With a brand new EP dropping on the 23 June and gigs at both V Festival and Glastonbury to look forward to this summer, Northampton hailing MC Izzie Gibbs is on the rise and he’s in a determined mood this year to make the absolute most of it. Signed onto the Dice Recordings label, Izzie combines witty wordplay with raw, unrestricted energy into his performances. Now with his new EP called ‘Yin Yang’, Izzie is continuing to further his reputation as one of the hottest young talents in the MC game. With a busy schedule ahead of him, we were lucky enough to find him in the Far Rockaway, a restaurant in Shoreditch to chat to him about his EP, the importance Dice Recordings have had on his career and what he intends to do at both festivals he’s at this year among other things:

How did ‘Yin Yang’ come about?

“Well I’m a huge anime fan, a super huge anime fan. I wanted it to lead on from ‘Jutsu’, trying to keep a certain theme but also the concept behind it is obviously lined up with good and bad which I wanted to reflect in my music, you feel me. That’s how it came about still and I want to keep giving people music but I want to do it in a way that suits me.”

There’s six tracks on the EP with two of those (‘Chillin’ feat. Donae’o and ‘Ok’) having music videos out already.

“There’s 6 tracks there but I recorded like 50 innit.”

Fifty?

“Yeah, had to choose from 50 tunes.”

So how did you get the 50 down to 6?

“Well I just bang out songs. I’ll be in studio as much as I can, that always has to be in somewhere whether I’m writing or whatnot and you know what, yeah there’s 50 tunes but like thirty of them could be shit, that’s why no-one will ever hear them. That’s me personally but everyone might go “yeah but people will probably still like it or whatnot” but to me I have to be a perfectionist, I don’t what to overdo it.”
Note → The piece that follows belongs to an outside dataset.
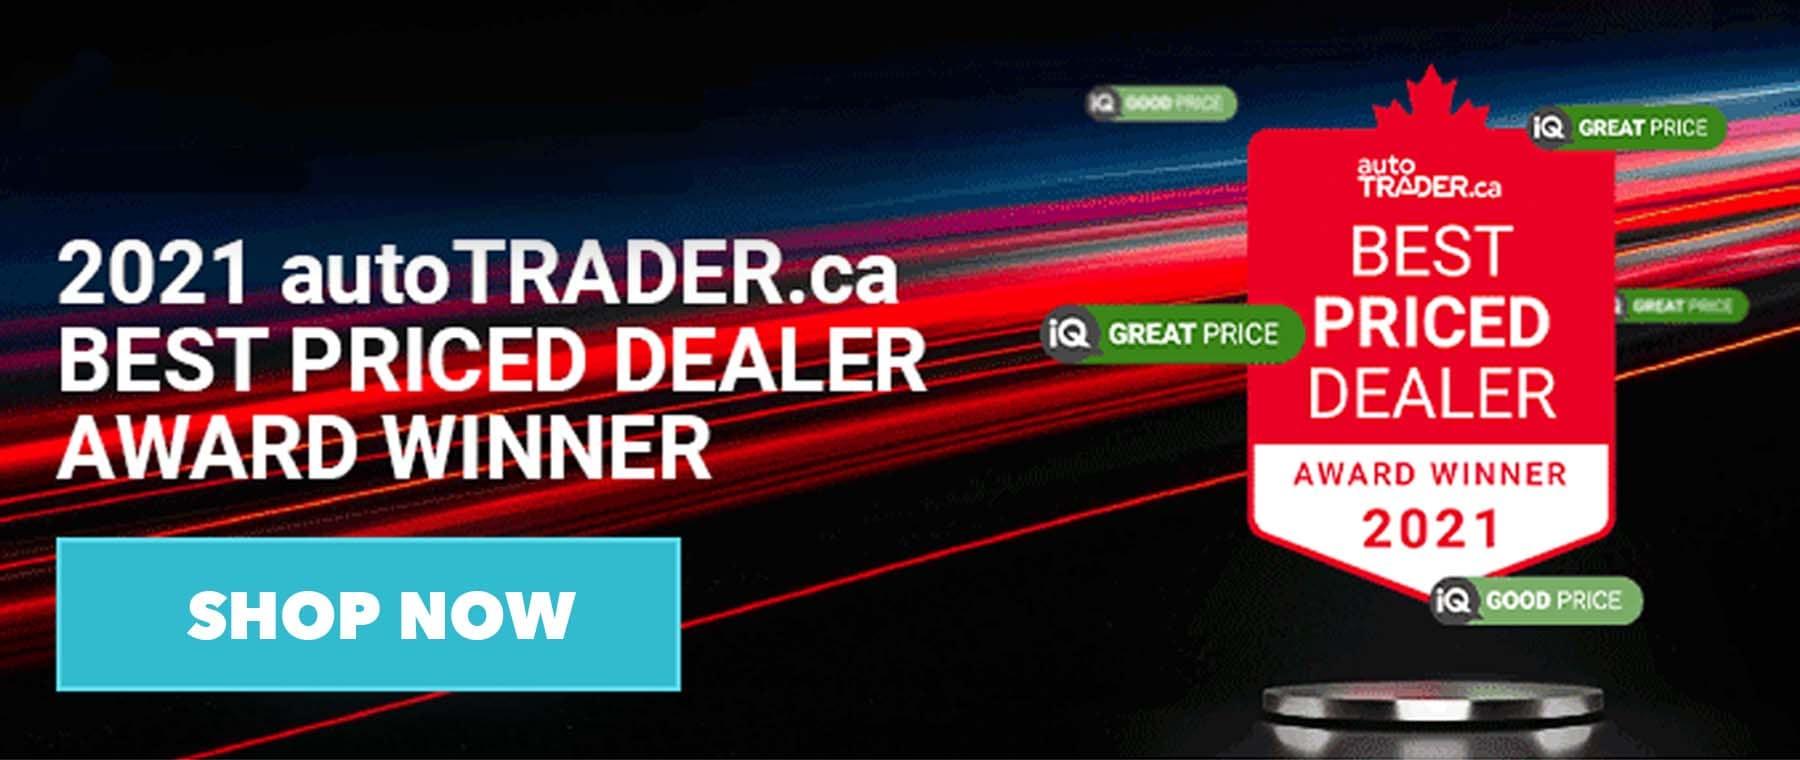 Pickering Honda in Pickering Ontario is Auto Trader's Best Priced 2021 Dealer Award

“That’s me making fifty tunes but that could be over a period of three months or so innit. I’m going to studio every other day and just trying to create greatness because I feel like you can’t force greatness. I never make a tune and think this is going on my EP, I just make sure everything I’m writing and talking about is in the concept that I had in my head to create this same energy so the tunes all have similar energy behind them.”

With music, you can make a track and think it’s sick but a day or two can pass and you listen to the same track and you might think that it’s could be better. It’s important to not rush the process.
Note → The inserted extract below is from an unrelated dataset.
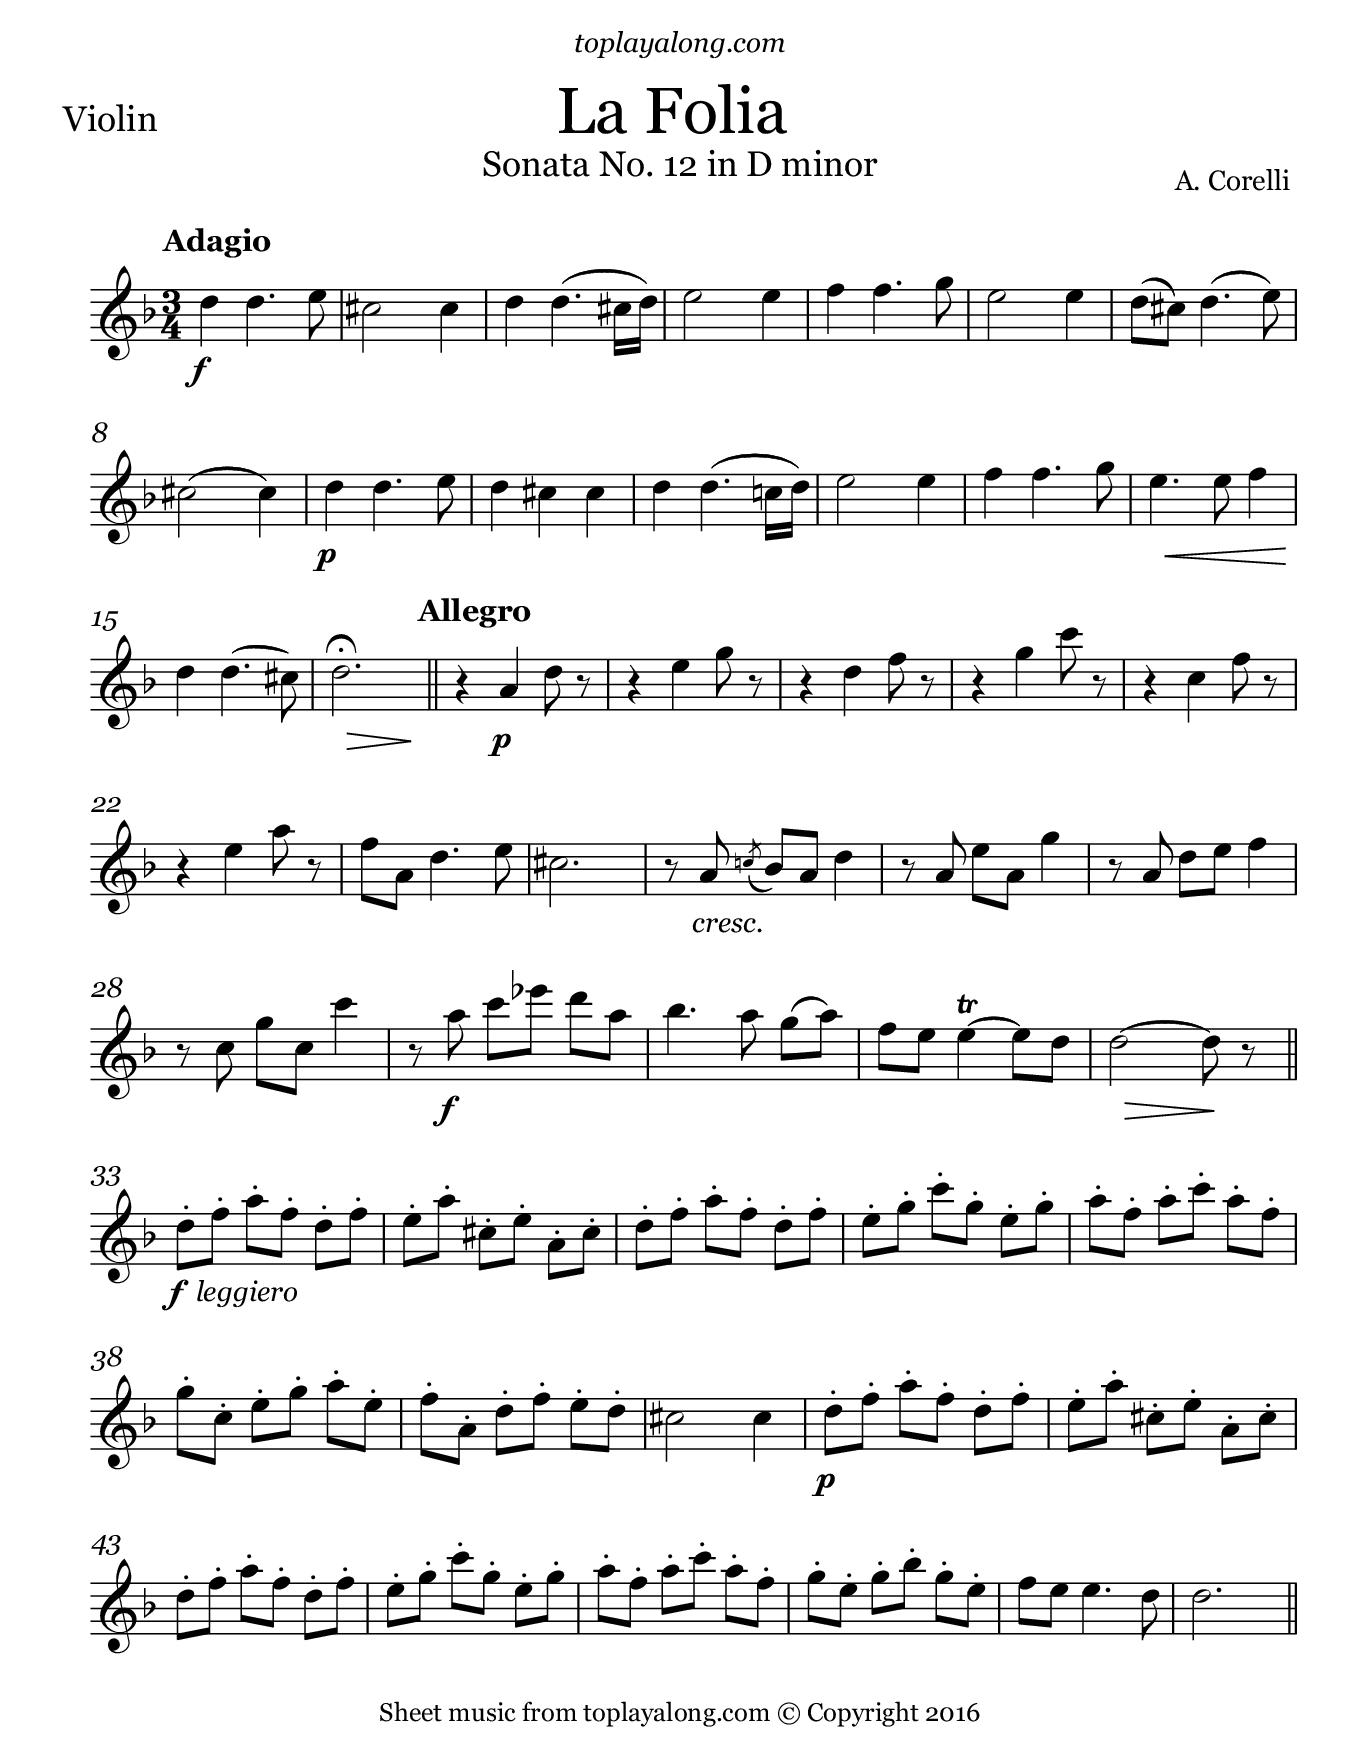 La Folia Suzuki Sheet Music Free

“Trust me brother, trust me man. That’s how I feel but yeah, it’s gonna be mad, [on the] 23rd, people need to get that because it’s gonna be crazy fam. It’s not even my best work to be honest.”

So is this just light work for you?

“I wouldn’t even say that. At the time when I made it, I was like “yeah this is amazing”, I made it last year but to me at the time, I thought this was amazing and now, I’m just like yeah this isn’t even my best stuff but it’s better than everyone else’s sickest stuff. That’s not even me being big-headed or overconfident, that’s just me showing my supporters that I’ve got a lot more to give them. That’s what it is, I’m confident in my thing in the same way my supporters are confident in what I do, that’s why they support me. I’m not trying to be cocky or big-headed, I’m just passionate about what I do.”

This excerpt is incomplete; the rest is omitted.